▸ **Material provided**:
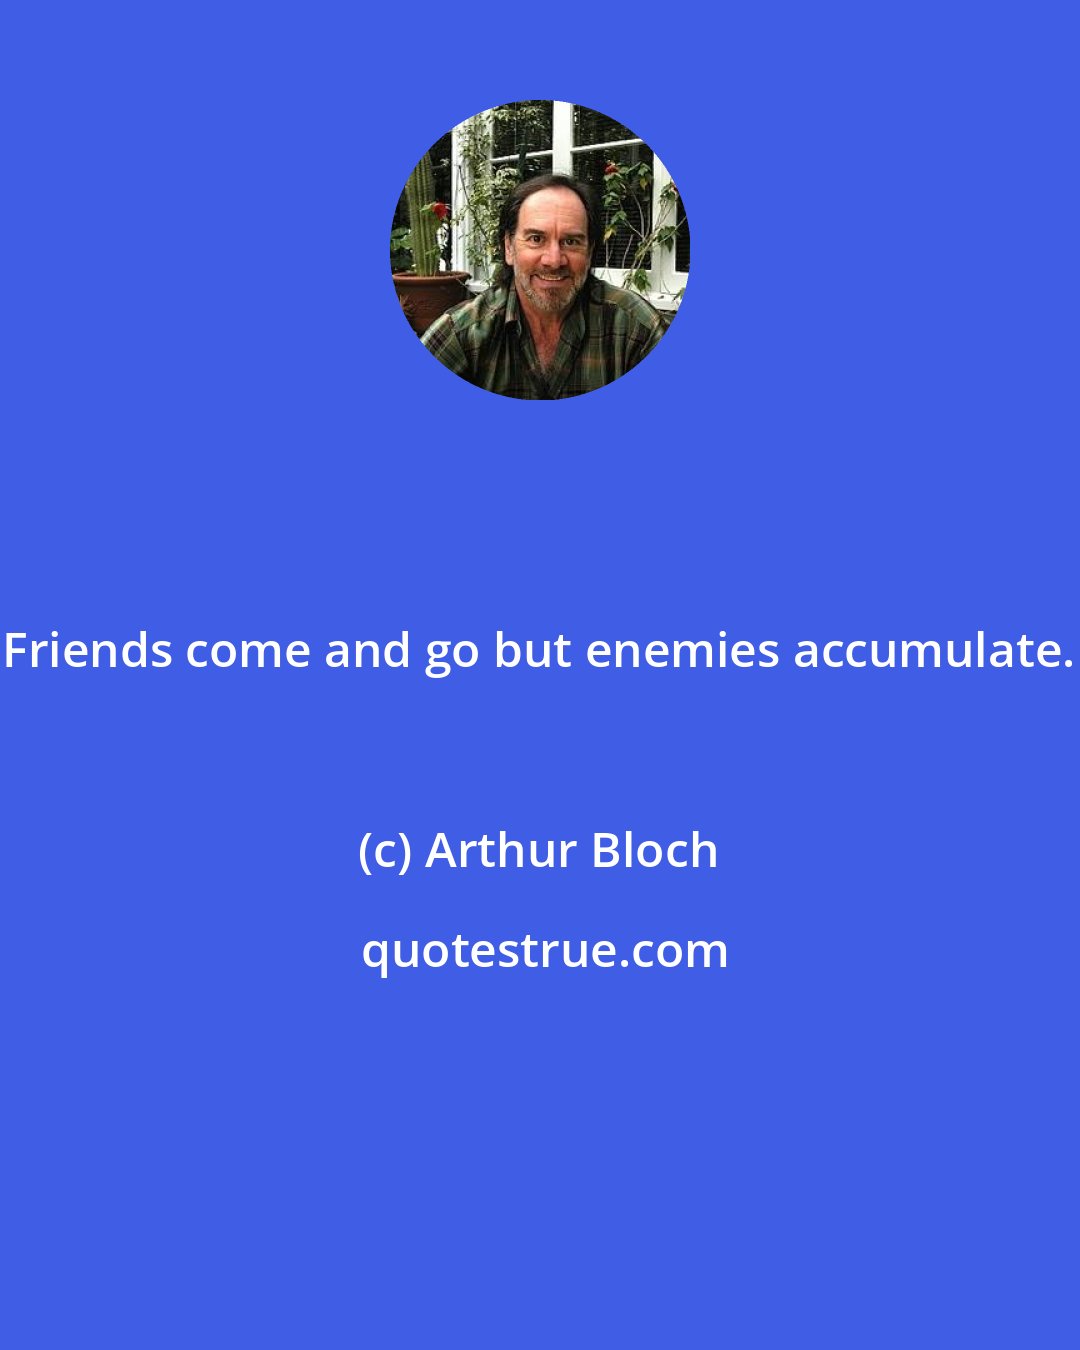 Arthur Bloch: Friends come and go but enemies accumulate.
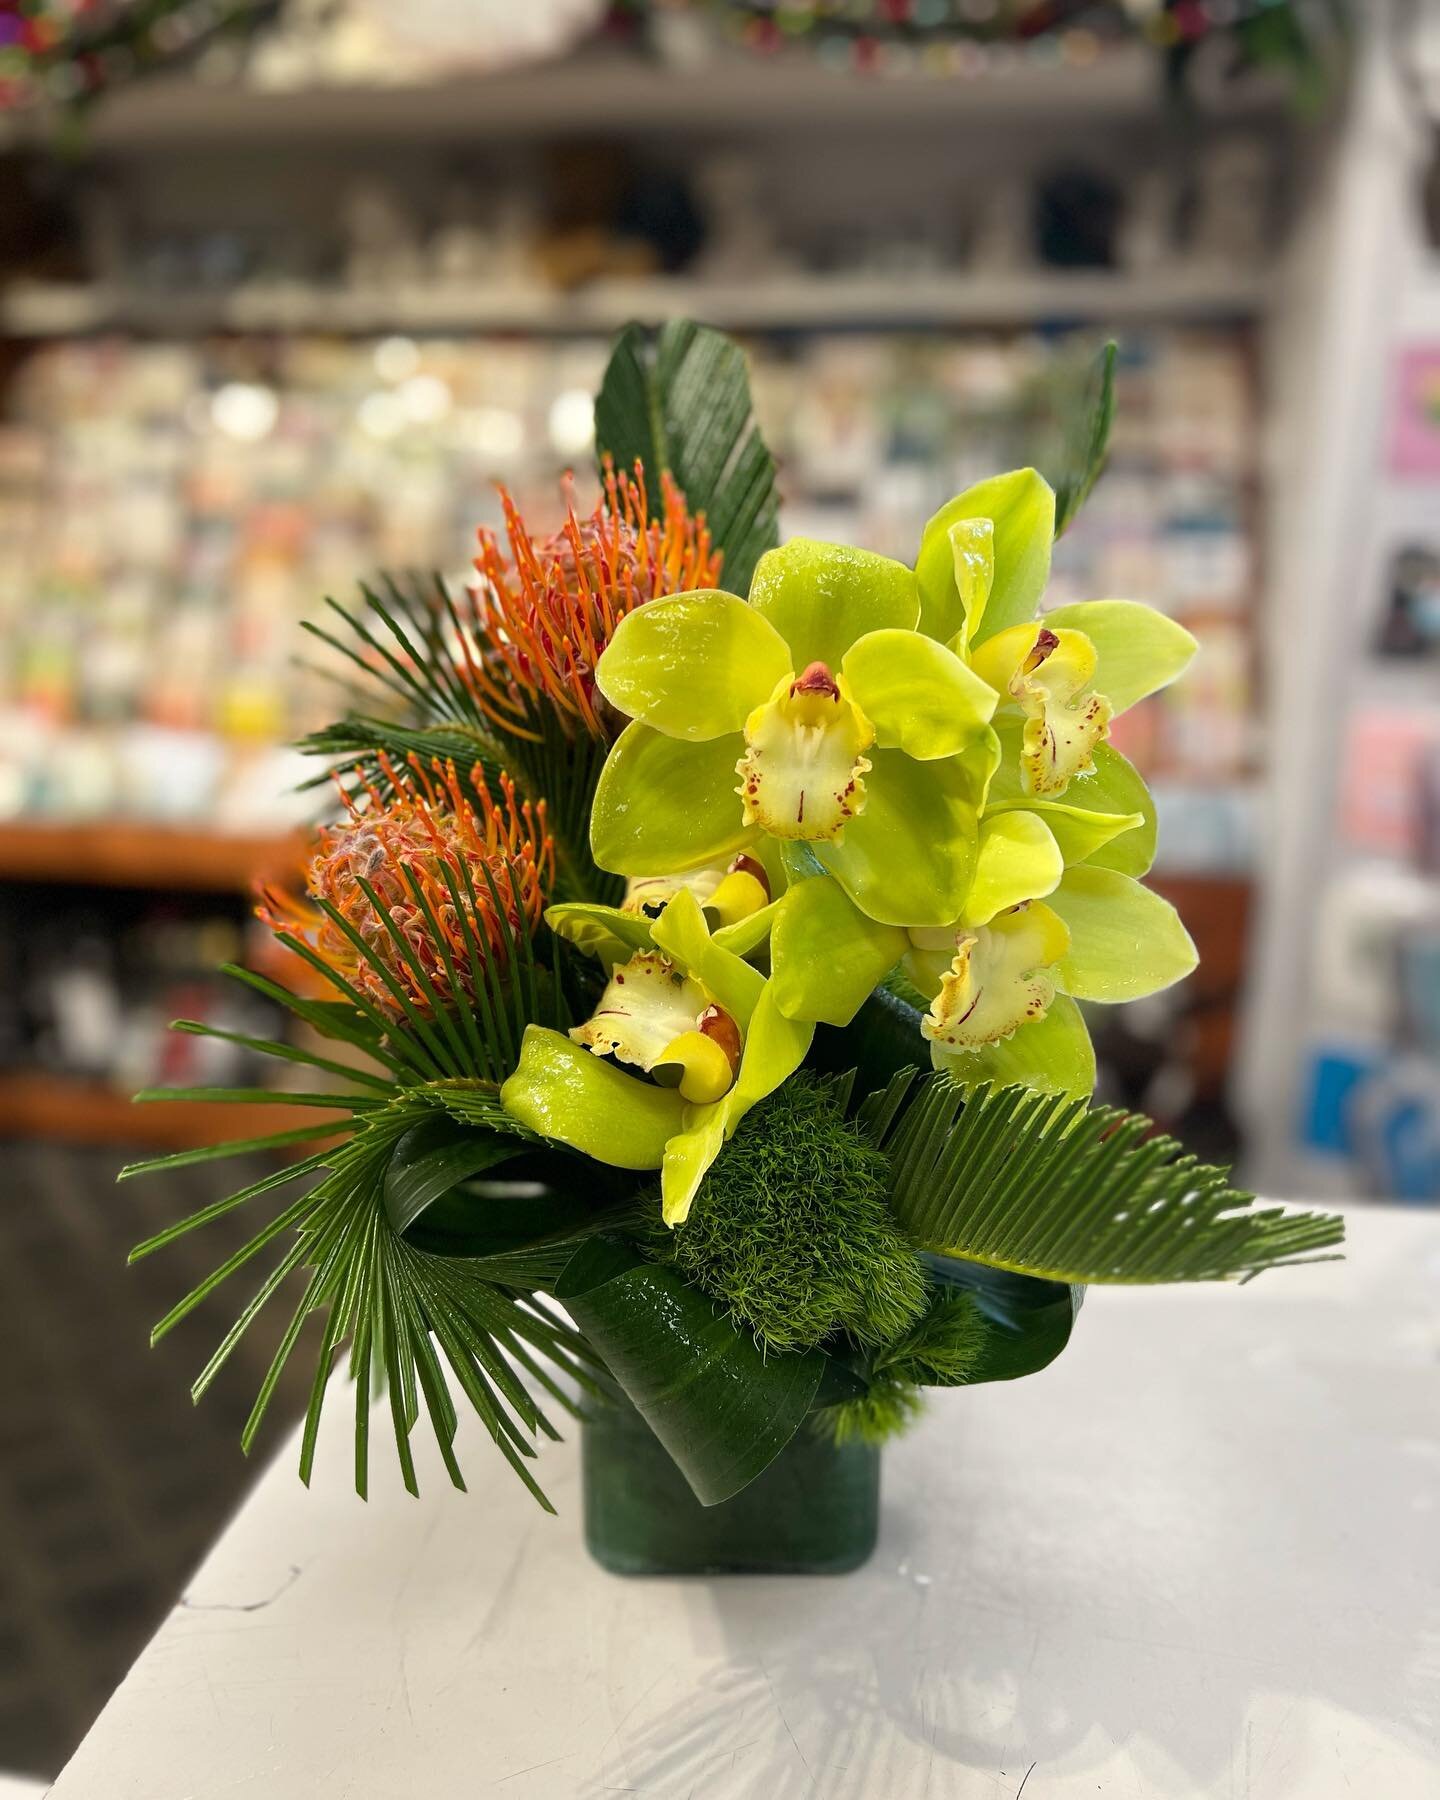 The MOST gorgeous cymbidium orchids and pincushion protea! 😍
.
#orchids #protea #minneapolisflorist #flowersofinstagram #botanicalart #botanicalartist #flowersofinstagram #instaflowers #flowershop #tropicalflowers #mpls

▸ **What you should do**: Your output should be the lines from the one with "The MOST gorgeous" through the end of the listing, copied exactly and with the pictures left out.

▸ **Result**:
 The MOST gorgeous cymbidium orchids and pincushion protea! 😍
.
#orchids #protea #minneapolisflorist #flowersofinstagram #botanicalart #botanicalartist #flowersofinstagram #instaflowers #flowershop #tropicalflowers #mpls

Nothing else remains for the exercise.